** Task **
Go to the line with "7 Simple Ways" in the entries below and write out every line from there through the line with "toplist Spider-Man and", exactly and without pictures.

** Records supplied **
^^^^

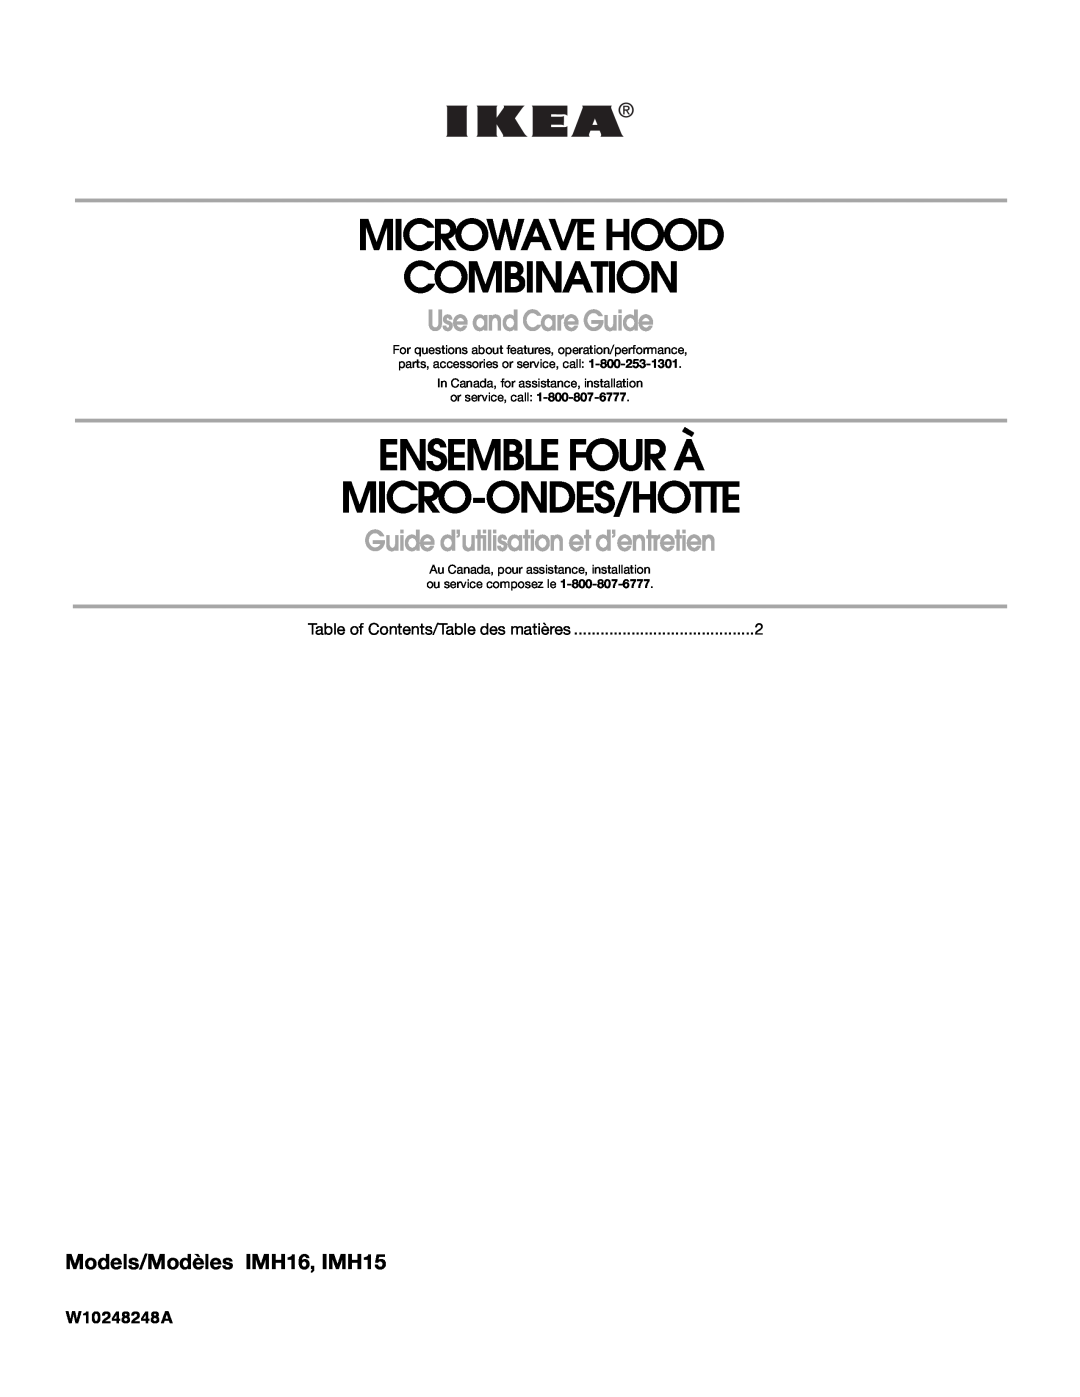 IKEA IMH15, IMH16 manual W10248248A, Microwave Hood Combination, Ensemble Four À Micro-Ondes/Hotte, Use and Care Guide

^^^^

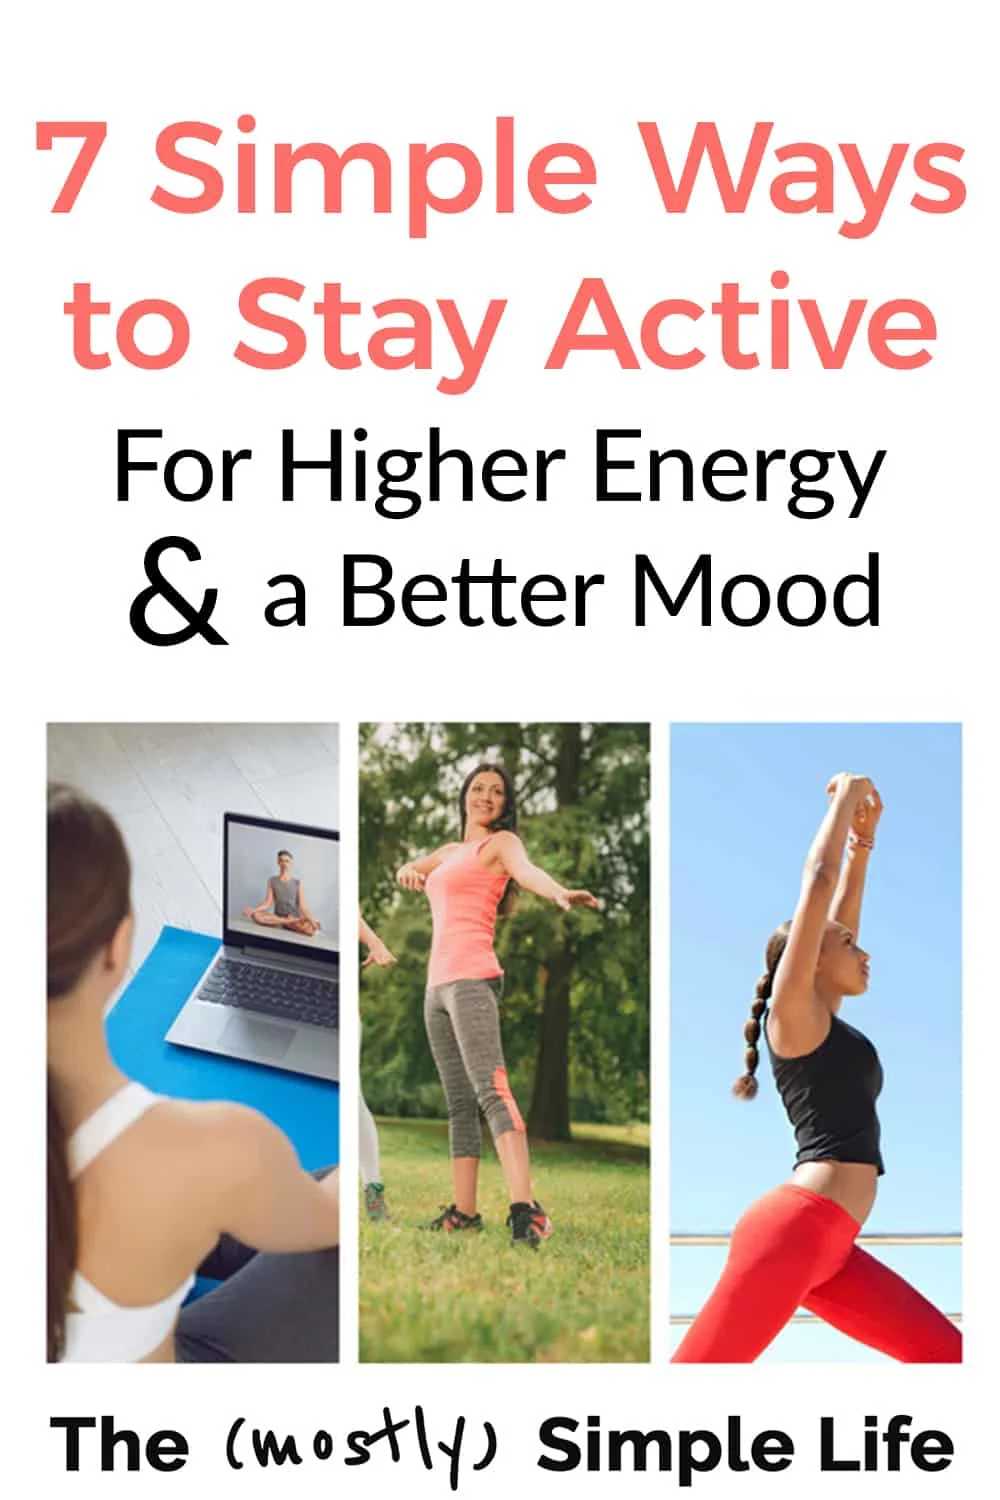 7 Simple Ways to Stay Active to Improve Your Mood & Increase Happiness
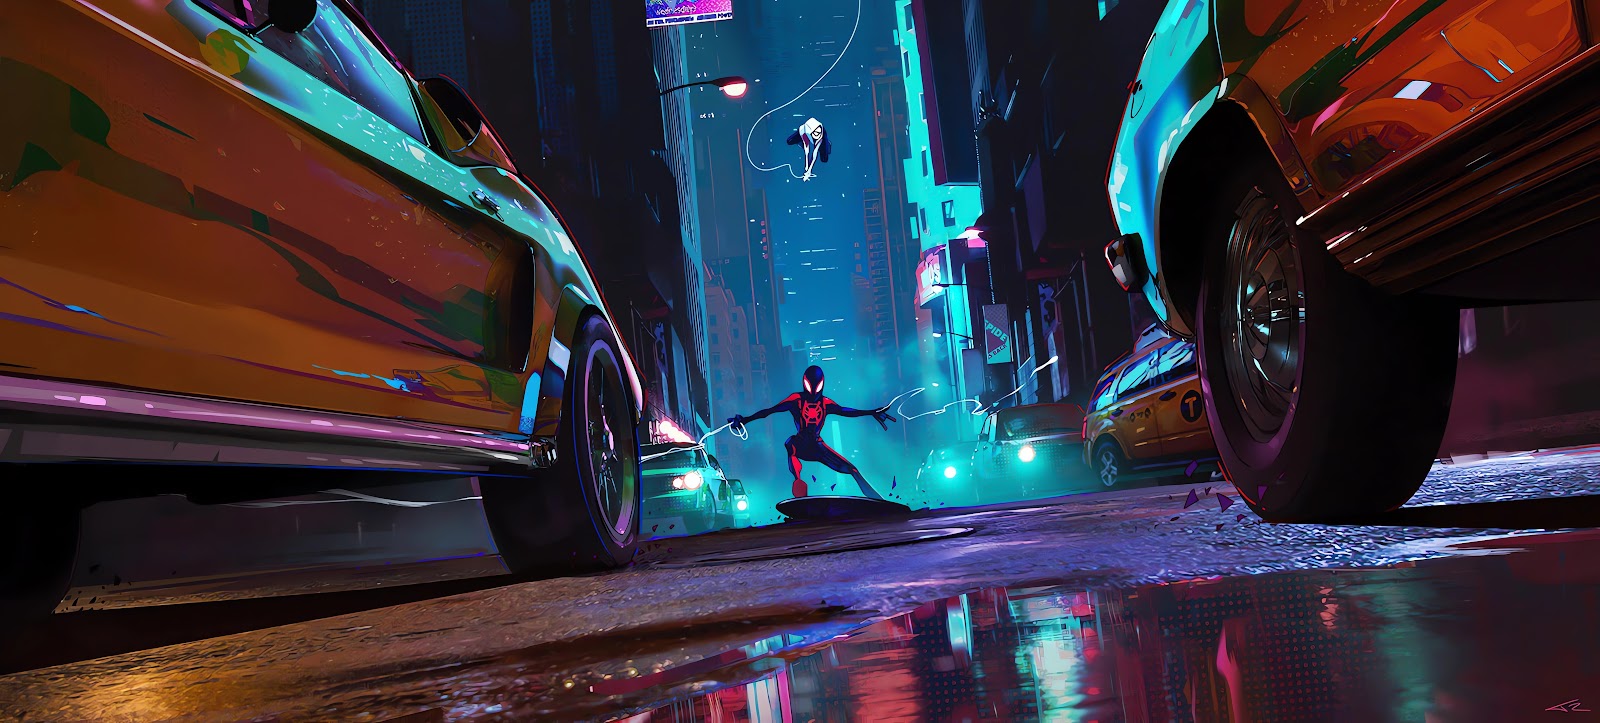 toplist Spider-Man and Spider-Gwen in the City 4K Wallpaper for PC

^^^^

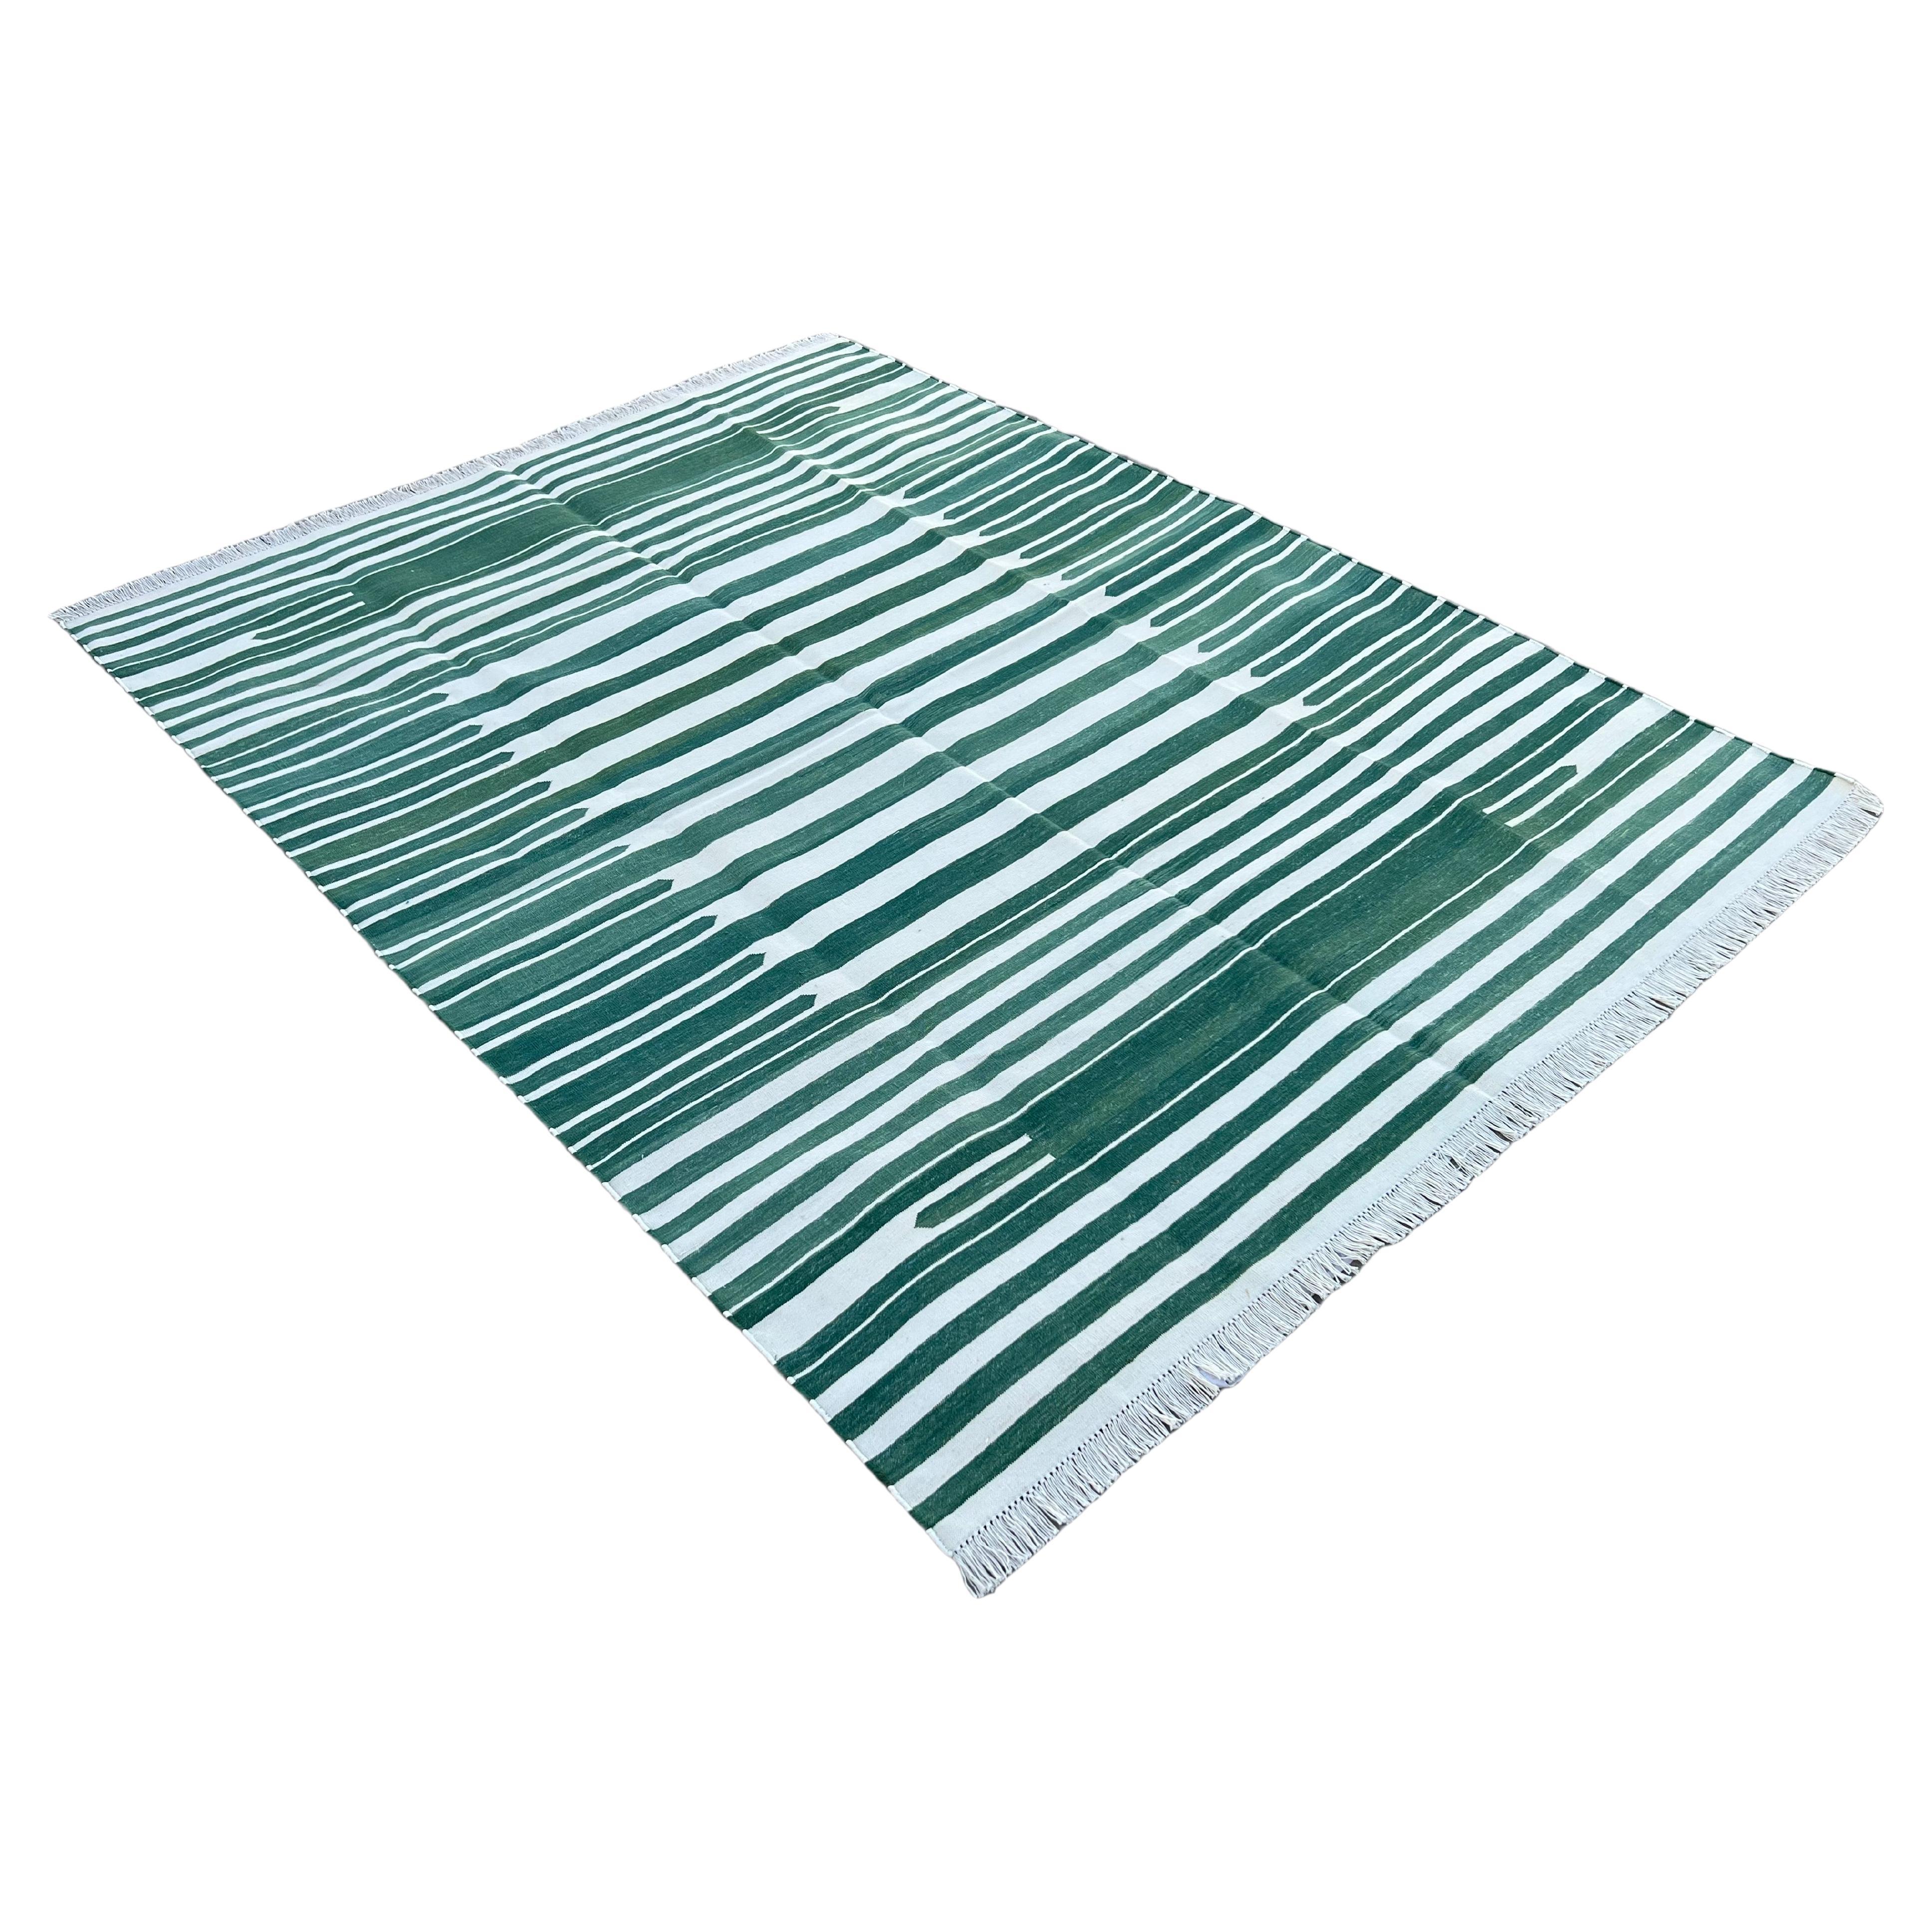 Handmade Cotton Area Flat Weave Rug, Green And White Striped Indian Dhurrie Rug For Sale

^^^^

** Expected answer **
 7 Simple Ways to Stay Active to Improve Your Mood & Increase Happiness
 toplist Spider-Man and Spider-Gwen in the City 4K Wallpaper for PC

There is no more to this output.